I envy journalists of the past. It’s not because they didn’t have to worry about the threat of online and mobile media, or because they were generally paid more handsomely; I envy them because the career path a journalist took was rather straight forward. One would start locally and move up until find oneself working for a prestigious national news media company.
While there still is some merit in taking a career path similar to that, there are an abundance of different directions a journalist can take themselves now—not all of them so linear. Reading about Vox’s ability to pry established journalists from national brands such as The Washington Post in The New York Times’ piece by Leslie Kaufman has made me realize that both employees and employers in the media industry have many factors to consider in the hiring process.

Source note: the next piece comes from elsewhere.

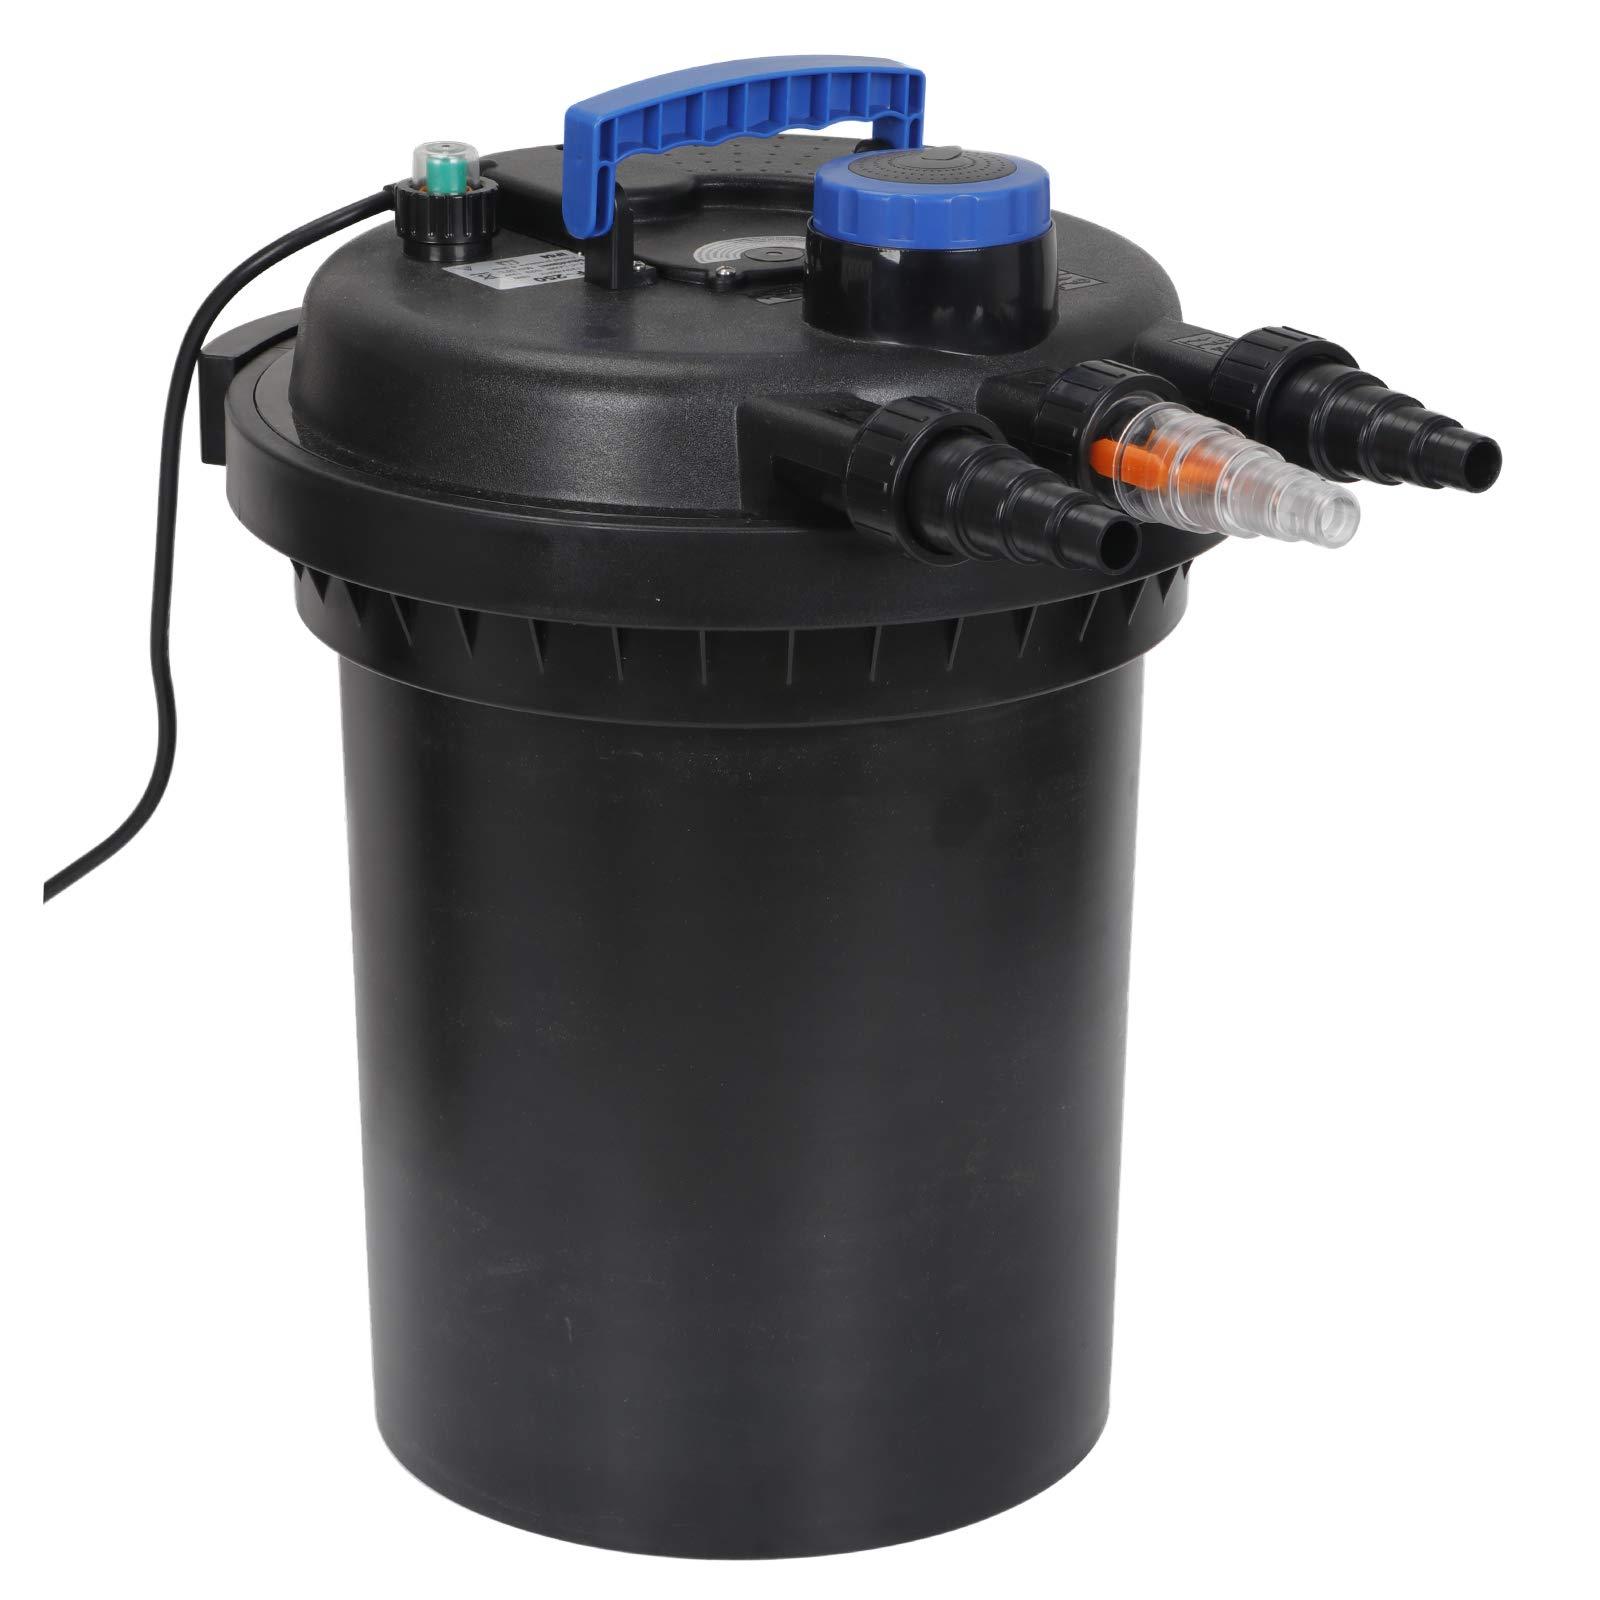 10000L Pond Pressure Bio Filter UV Sterilizer Water PurifierClarifier Koi Fish Ponds Skimmer With Ultraviolet Light& Flow Indicator for Aquarium,Algae Control by ZENSTYLE (Image #1)

Ezra Klein, the respected journalist for The Washington Post who left to join Vox, summed up a big reason why big-time traditional media companies are no longer a shoo-in for the best journalists when he described his reason for leaving the Post.
“We were badly held back not just by the technology, but by the culture of journalism,” said Klein.
There are obvious benefits to working at a brand like The Washington Post or The New York Times. For one, one gets a ready-made audience that has been building over decades. The appeal of an up and comer such as Vox, however, is just as easy to see. For example, they offer more freedom and provide a wealth of opportunities to report and tell stories in a fashion never done so before. This is mostly due to new technological enhancements to the journalistic process and a corporate culture that is willing to take risks.
In the end, journalists must decide what is more important to them, but at least they have the choice. If prestige publishers are able to keep the best and brightest in-house, however, they will most likely have to improve in the areas that new media sources thrive in. We already have seen many long-running publications slow to adapt to the shifting toward online and mobile-centered content.
Maybe the higher-ups in these media companies will be more receptive to change this time around, but we have already seen how a shakeup to the process can rattle a publication like it did to The New Republic. Large media companies will have to be comfortable bringing in more and more people on the technology side that can create friendlier processes, both inward and outward facing.
According to Kaufman, the big advantage Vox has displayed is its ability to comfortably mesh the editorial with the tech side—something most traditional publishers have failed to do.
“Developers at Vox Media call themselves journalists and work continually with writers and reporters to build the tools they require,” Kaufman said.
Media companies are quickly learning that it will take much more than just good journalism and a big name to succeed in this market anymore. Like most things in life, balance is key.